Mario Marcel: Monetary policy and financial stability - transmission mechanisms and policy implications

Opening remarks by Mr Mario Marcel, Governor of the Central Bank of Chile, at the Central Bank of Chil's Twenty-first Annual Conference, Santiago de Chile, 16 November 2017.

The views expressed in this speech are those of the speaker and not the view of the BIS.

Central bank speech  | 
20 December 2017

Good morning and welcome to the Twenty-first Annual Conference of the Central Bank of Chile. It is a pleasure to host this event that every year gives us an opportunity to reflect and discuss about issues that have direct implications on our work as central bankers from a broader perspective. I am looking forward to active discussions through the rest of the week on this year's conference theme: monetary policy and financial stability.

Ten years have passed since the onset of the Global Financial Crisis and we are still dealing with its economic consequences. But we have learnt a lot, and a decade of hindsight about the causes and long-lasting effects has led us to rethink the way we conduct monetary policy, how to ensure financial stability, and how these two elements are, or should be, interconnected.

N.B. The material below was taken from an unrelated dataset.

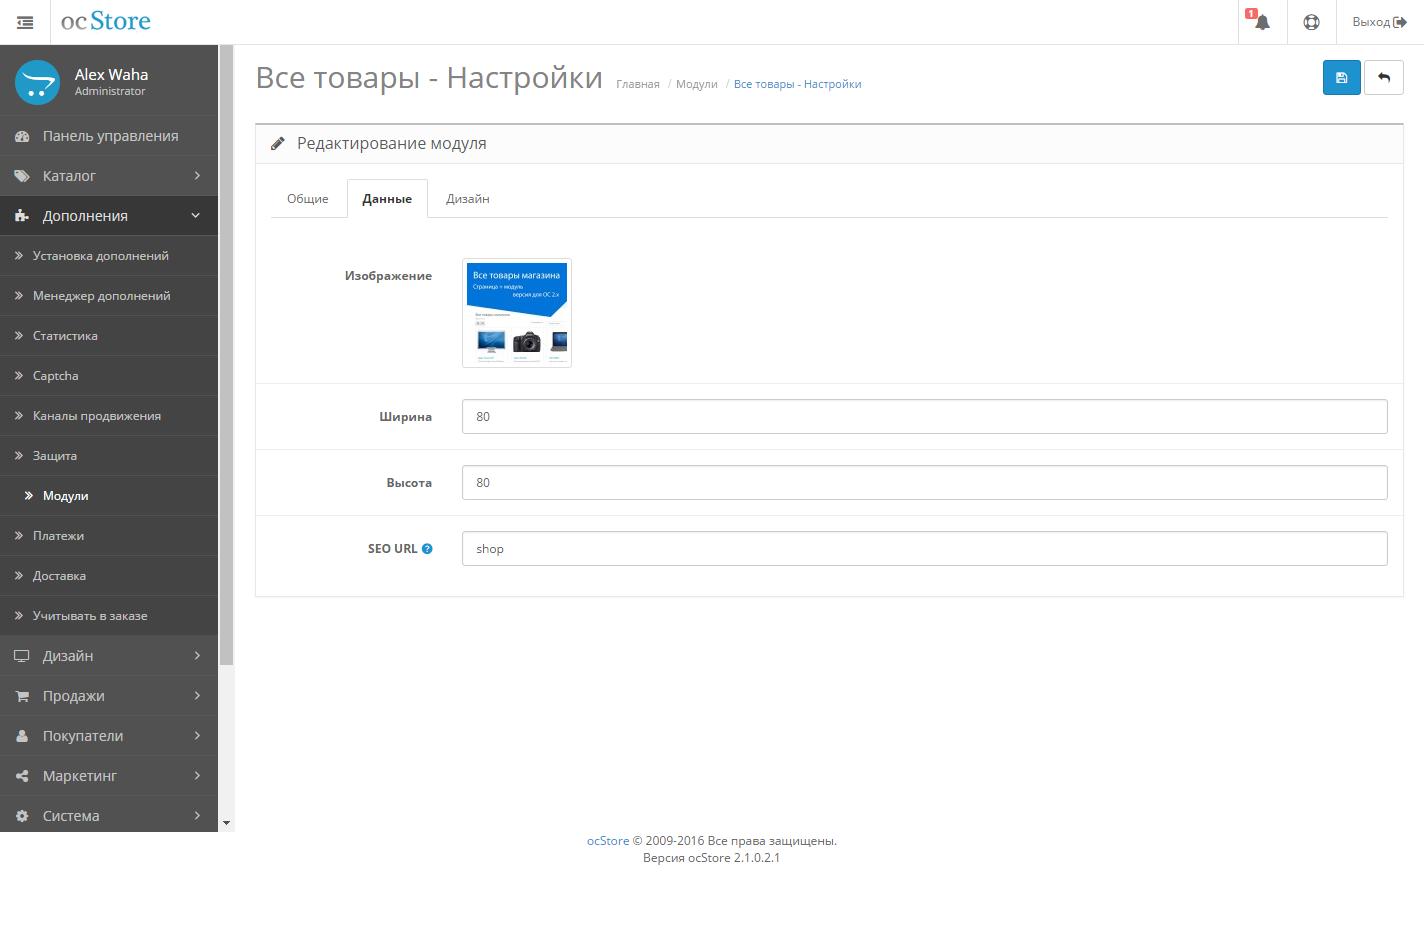 Установка опенкарт на хостинг рег ру каталог сайтов топ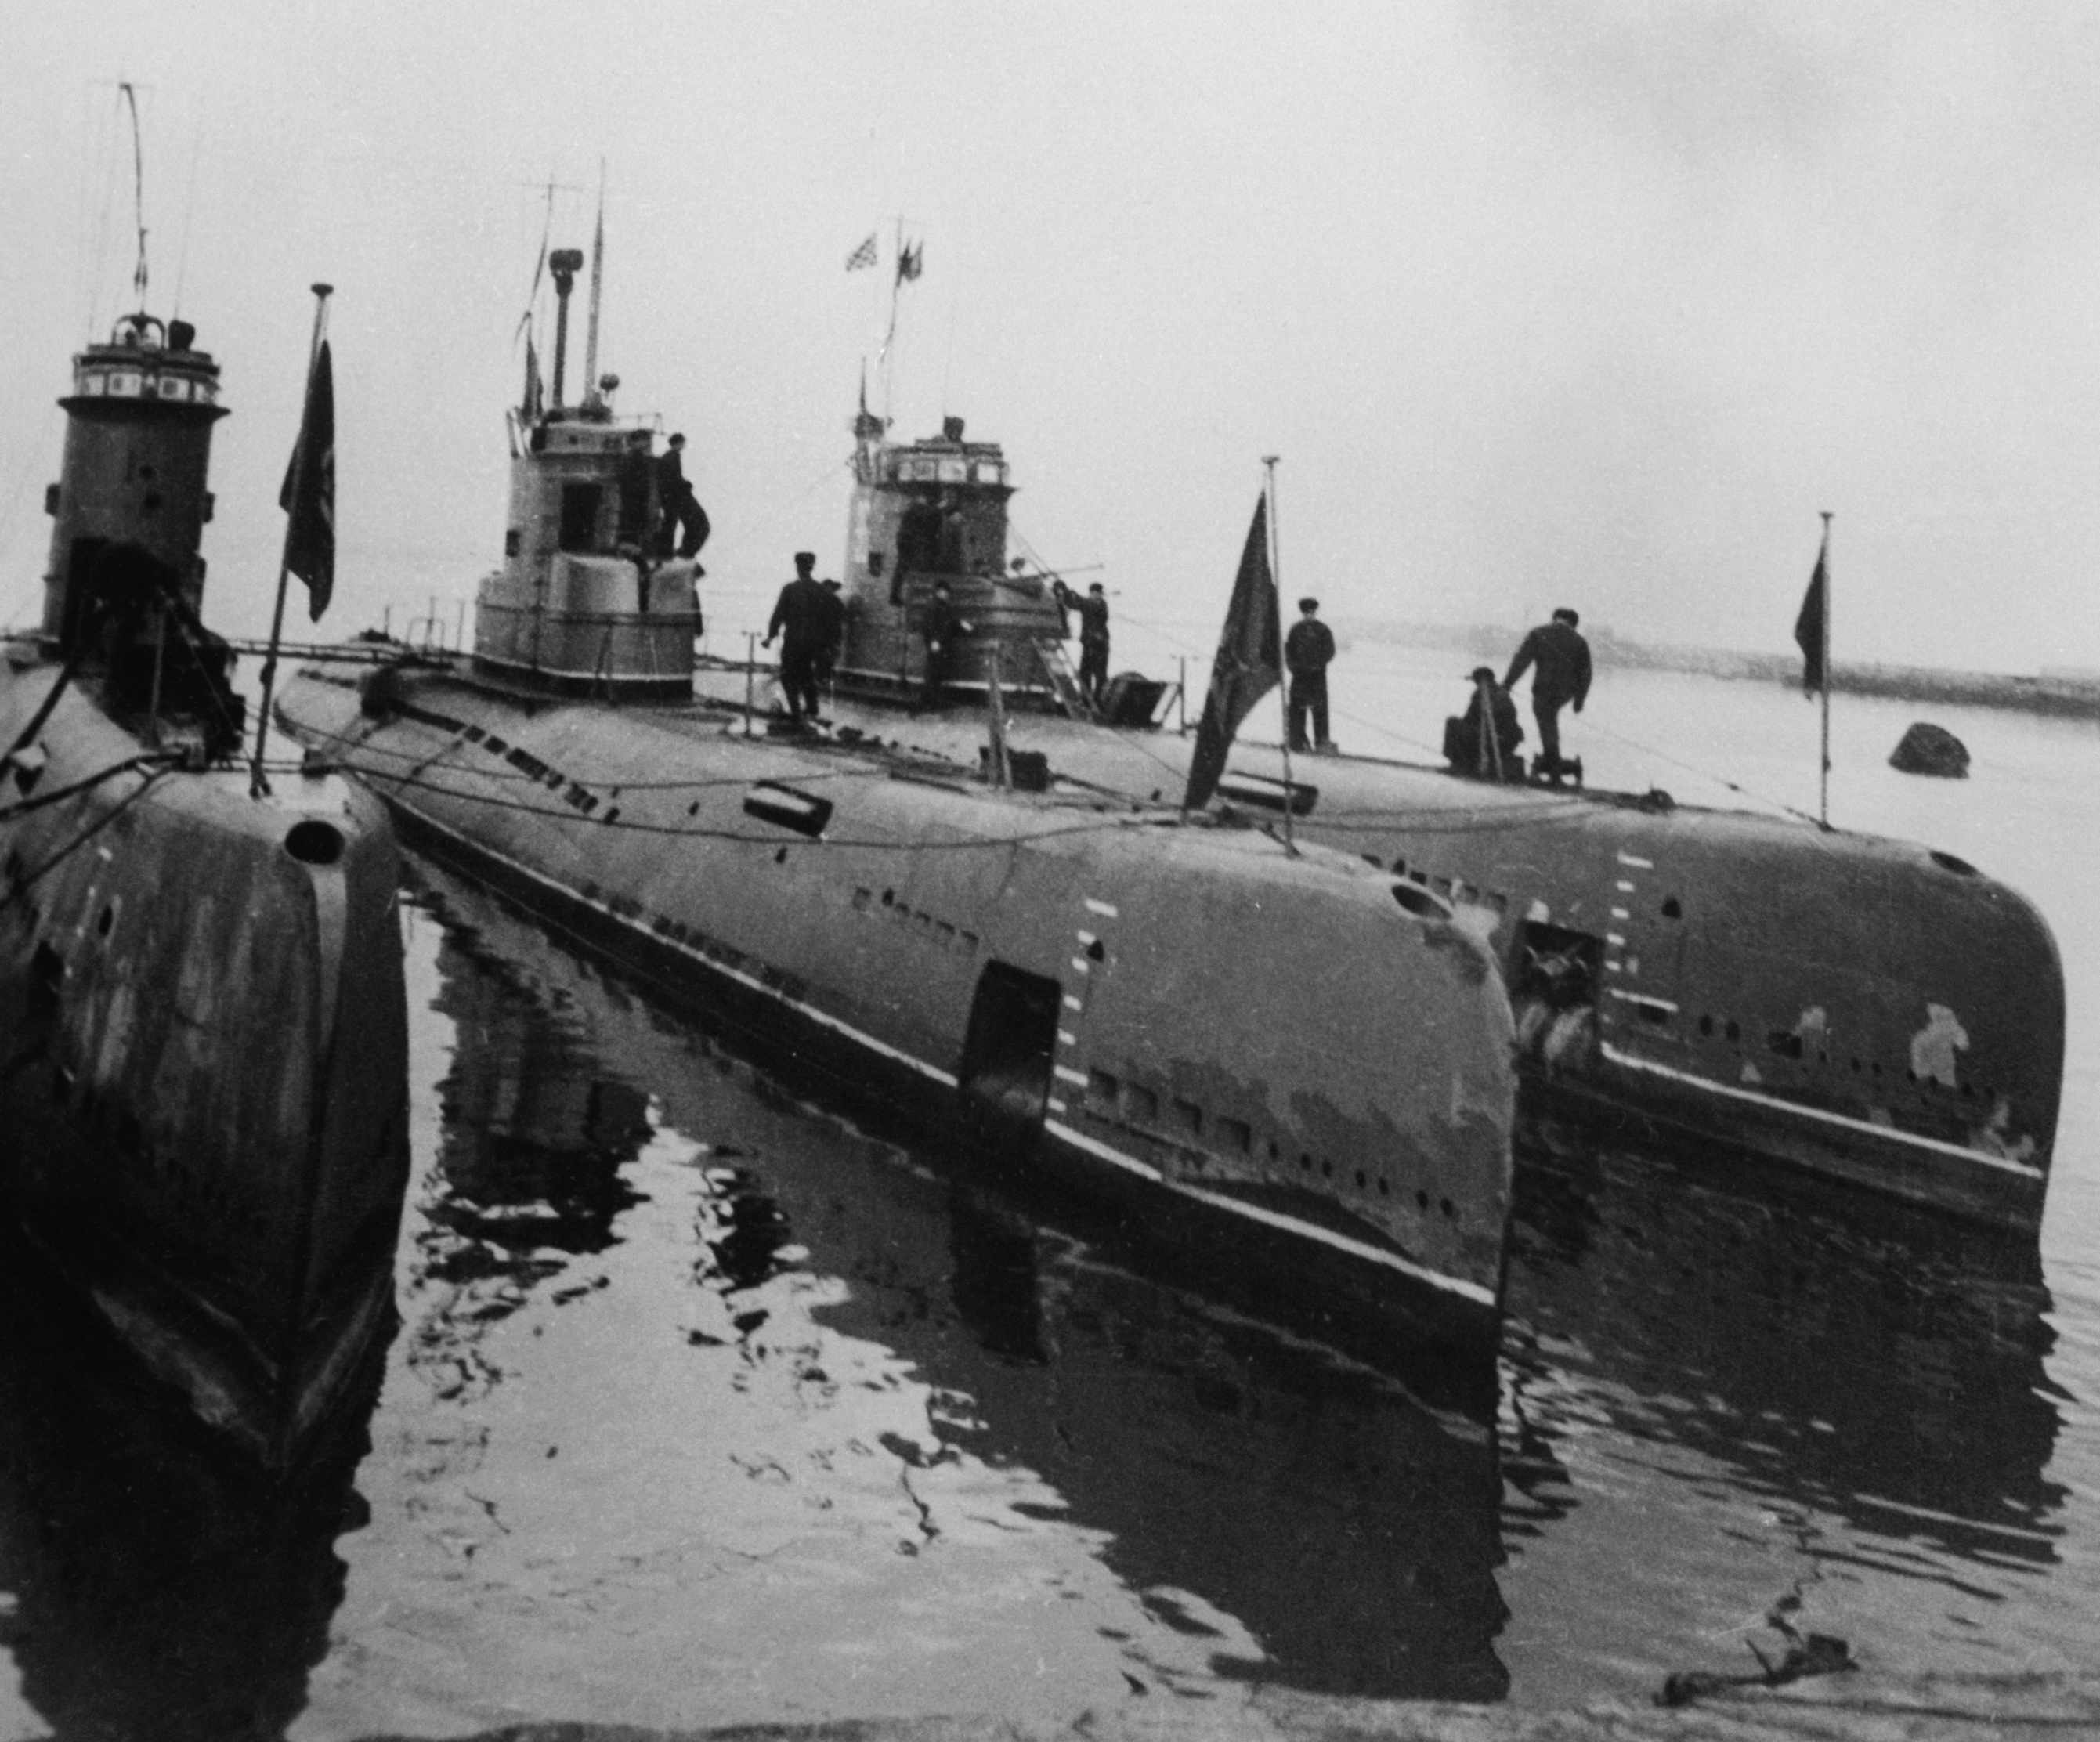 Soviet submarines. (Bettmann via Getty Images)

One of the most important policy lessons from the crisis concerns the relevance of actively seeking financial stability in a context of ever-increasing financial complexity. And central banks worldwide have been increasingly involved in assuring this, since it has become clear that financial stability is a pre-condition for price stability. Although financial stability has long been a key concern for policymakers, particularly in emerging countries where financial vulnerabilities are, or were, more evident and where risks to stability often come from abroad, nowadays the key concern is how to act in a preemptive way with actions that are costly, to ensure financial stability into the future. How should macroeconomic policy pursue the goal of financial stability in normal times, when the benefits are uncertain but the costs are noticeable?